«Добровольцем? – пролепетал я. – Меня вызвали в канцелярию сорок восемь часов назад и приказали встретиться с Фаупелем в Саламанке. Тогда я впервые об этом услышал. Я не говорю по-испански и плохо по-французски, и вряд ли сумею выбраться. Они сразу же схватят меня. Фродель, здесь должна быть какая-то ошибка. Сядьте где-нибудь и позвоните в Берлин, мы сможем все выяснить». Фродель пожал плечами: «Не получится, герр доктор, у меня строгий приказ. Попробуйте сохранять спокойствие, посмотрим, что будет. Я такое уже видел. Куда ни посмотришь, ничего, кроме гадостей».
Что за способ убить человека? Я видел, как работает их мозг. Все тщательно скрыто, и надоедливый Ханфштангль убран с дороги. Я практически видел заголовок в Völkischer Beobachter. «Глава отдела иностранной прессы Ханфштангль погиб, выполняя секретное задание», после чего, вероятно, следовал бы хвалебный некролог. Все мило, аккуратно, с сожалением – и конец. Третий человек снова появился в кабине, и Фродель попросил меня пройти в салон.
Спустя примерно полчаса из одного из моторов донесся стук. Фродель сразу же сбавил обороты. Нас кинуло вперед. «Что-то не так, – прокричал Фродель, многозначительно посмотрев на меня. – Я должен посадить самолет и посмотреть, в чем дело». Я вполголоса благословил его. Все еще оставался шанс. Мы приземлились на небольшом аэродроме, окруженном соснами. Это оказался Вальдполенц, недалеко от Лейпцига.
Место казалось практически заброшенным. Не было видно ни одного техника. Возможно, они закончили работу в этот день, и Фродель пошел искать коменданта. Мои попутчики казались совершенно сбитыми с толку таким поворотом событий и не знали, что делать дальше. В этом я увидел свой шанс. Это было очень в духе Третьего рейха. Приказ есть приказ, он не допускает никакой свободы. Если вам не удается его выполнить, нужно ждать новых приказов. Вероятно, они получили лишь простейшие инструкции, и даже у типа из гестапо, наверное, сложилось впечатление, что он был там, только чтобы помочь выполнить рискованное, но совершенно конкретное задание. Мы нашли кафе, и я заказал всем выпить в надежде выиграть время. Фродель присоединился к нам, сказав, что нет никакой надежды починить мотор до следующего дня и что комендант может через двадцать минут дать нам машину, которая доставит нас в Лейпциг, где можно переночевать. Я подумал о виденных мною густых лесах и посмотрел на гестаповца. Я должен был выбраться отсюда любой ценой.
Извинившись и сославшись на воздушную болезнь, я оставил их. Я чувствовал, что должен сообщить кому-нибудь о ситуации, в которой оказался, и, воспользовавшись общим замешательством, решил рискнуть, подошел к телефонной кабинке и позвонил в свой офис в Берлине. К счастью, офис работал допоздна из-за запросов прессы, и моя секретарша фрау фон Хаусбергер все еще была на месте. Я сказал испуганной женщине, что попал в западню, но что вынужден играть в эту игру некоторое время и попытаюсь позвонить ей снова, как только смогу.
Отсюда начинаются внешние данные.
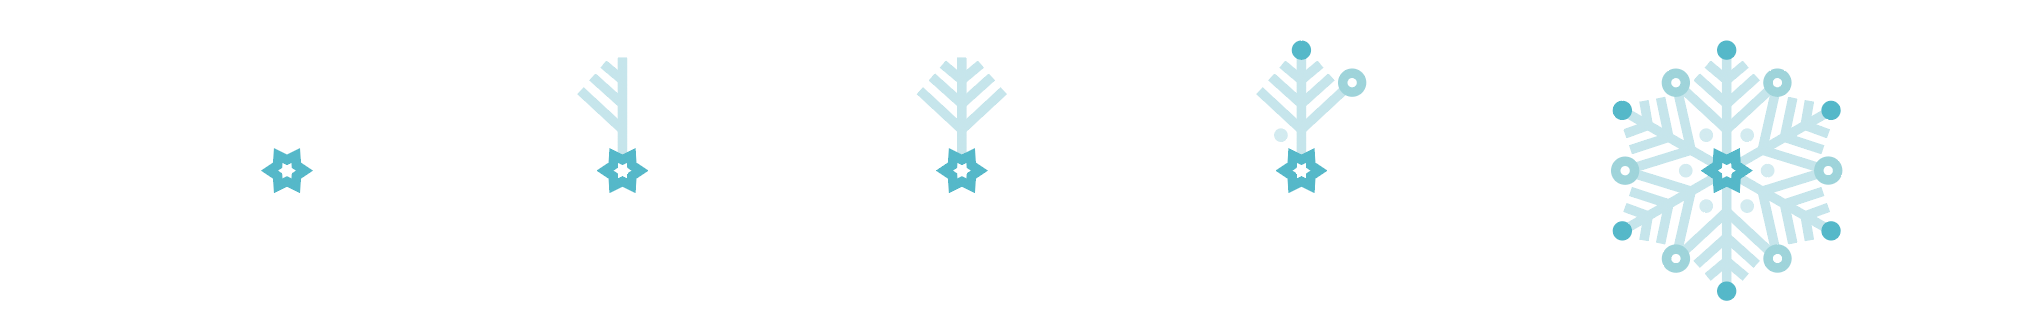 Create a Snowflake in Adobe Illustrator
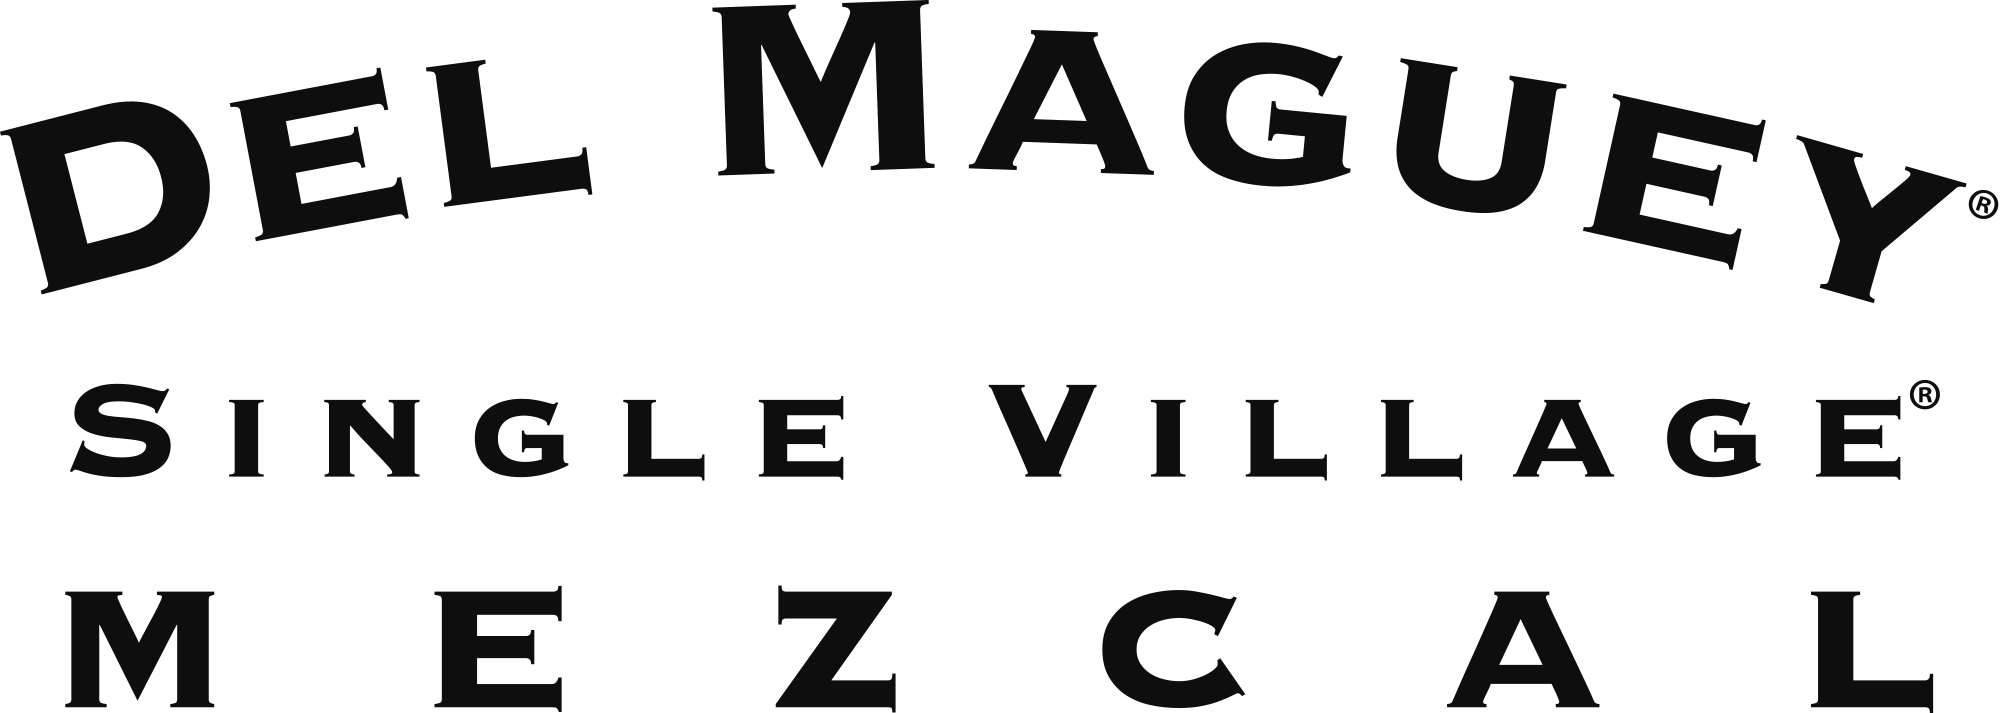 Del Maguey Logo-Black - Nick Kieffer.png

Она смогла сообщить мне, что несколько иностранных корреспондентов спрашивали, где я буду отмечать свой пятидесятый день рождения, и, не зная этого, она позвонила Видеману. Он посоветовал ей сказать, что я буду «в лоне семьи в Уффинге».
Когда я вышел из телефонной будки, то столкнулся с Фроделем. Я сказал ему, что только что разговаривал с Берлином и получил приказ от фюрера возвращаться в Уффинг. Это его удовлетворило, и, когда я начал жаловаться на эту шутку, которую только что со мной разыграли, он положил ладонь мне на плечо и сказал: «Больше ничего не говорите, есть другие. Я не хочу в этом участвовать». Я заказал еще по выпивке, чтобы соблюсти приличия, но потом, сославшись на больной живот, снова оставил их. К тому времени на улице было совершенно темно. Я вышел прямо из здания и сразу же очутился за пределами аэродрома на дороге. Довольно быстро я встретил крестьянку на повозке, и она со своим сильным саксонским акцентом сказала мне, что отсюда примерно в километре пути есть железнодорожная станция. Через четверть часа, идя самым быстрым шагом, я был там. Через десять минут отправлялся поезд на Лейпциг.